= The Singular Habits of Wasps =

1994 short story by Geoffrey A. Landis

"The Singular Habits of Wasps" is a science fiction/horror story by Geoffrey A. Landis, about Sherlock Holmes. It was first published in Analog Science Fiction, in April 1994.

==Synopsis==
Sherlock Holmes is mutilating corpses in Whitechapel... but for a reason no one could have suspected.

==Reception==
"The Singular Habits of Wasps" was a finalist for the Nebula Award for Best Novelette of 1994 and the 1995 Hugo Award for Best Novelette.

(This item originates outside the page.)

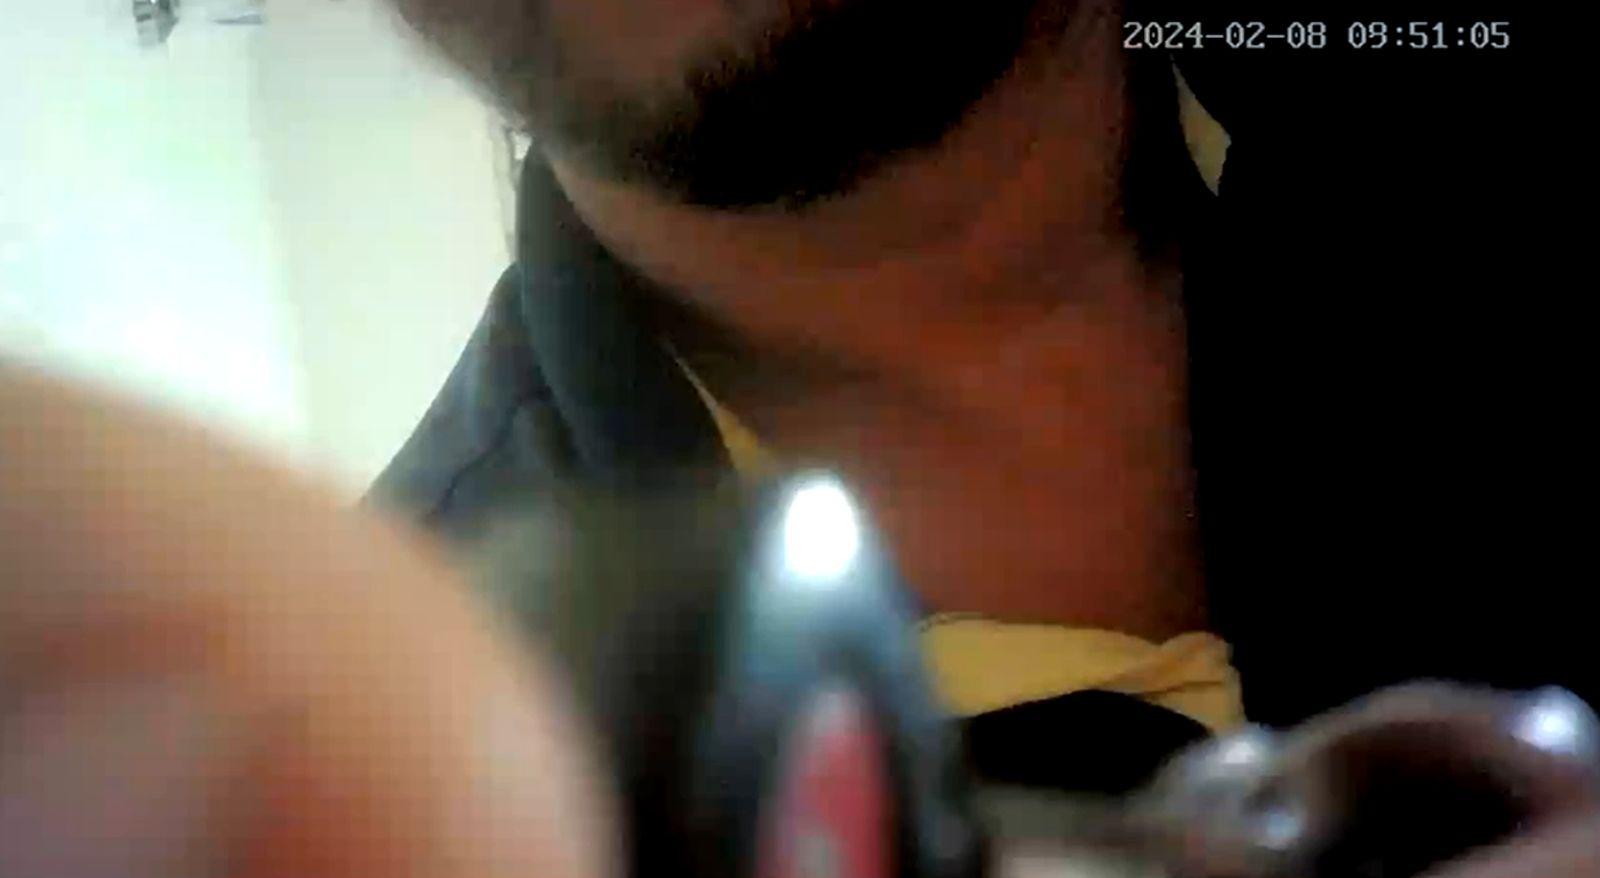 Francismar Fernandes da Silva. Imagens mostram locador arrumando câmera oculta que filmou adolescente em banheiro de casa alugada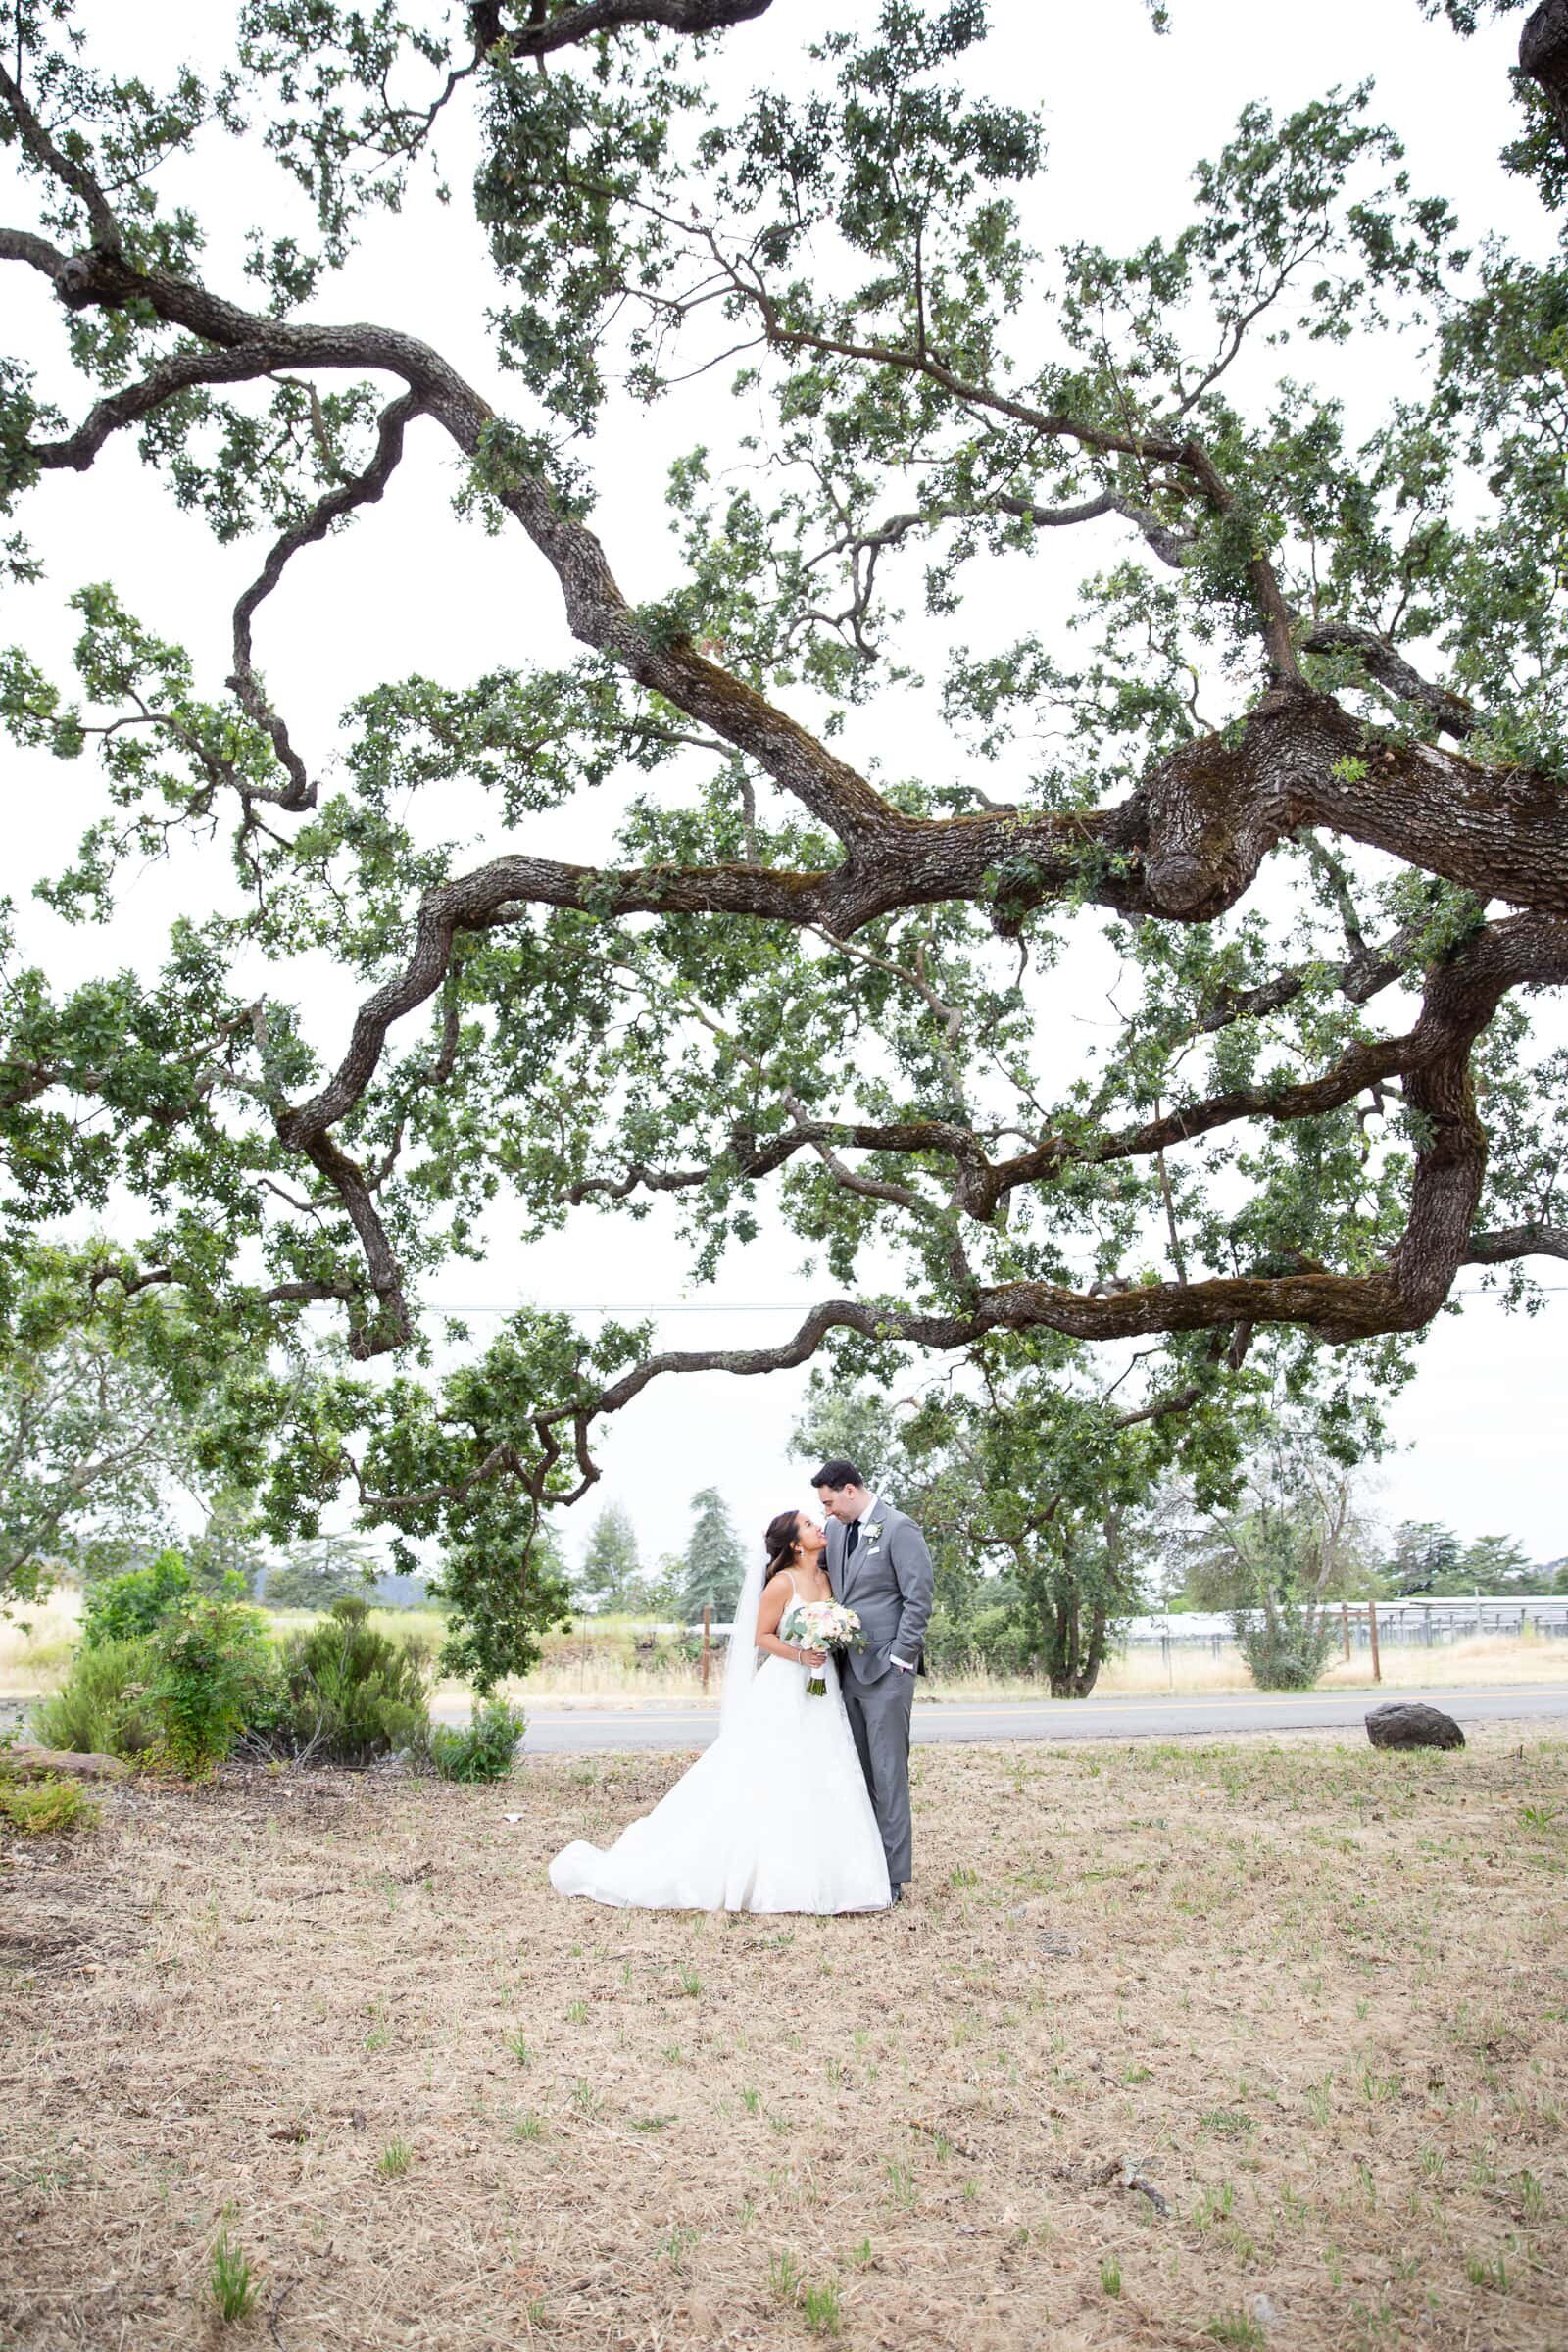 Wedding Portrait under an oak tree by Raleigh elopement photographer.

Publishers Weekly called it a "stunner". Writing in Locus Online, however, Nick Gevers faulted it as "polished but pointless", and a "curious violation of the spirit of its enterprise". When interviewing Landis for Infinity Plus, Gevers further described it as "pretty improbable [for a Sherlock Holmes pastiche] and thus subversive"; Landis specified that he was "horrified" by the idea that the story could be seen as "contemptuous of Holmes".

==Plagiarism==
In 2000, the story was published in the magazine Leading Edge, credited to Phillip S. Barcia; Barcia was subsequently identified as a Florida prisoner who had plagiarized at least two other published stories. Leading Edge formally apologized to Landis, paid him standard reprint fees, and physically modified all the printed copies of Leading Edge so as to correctly credit him.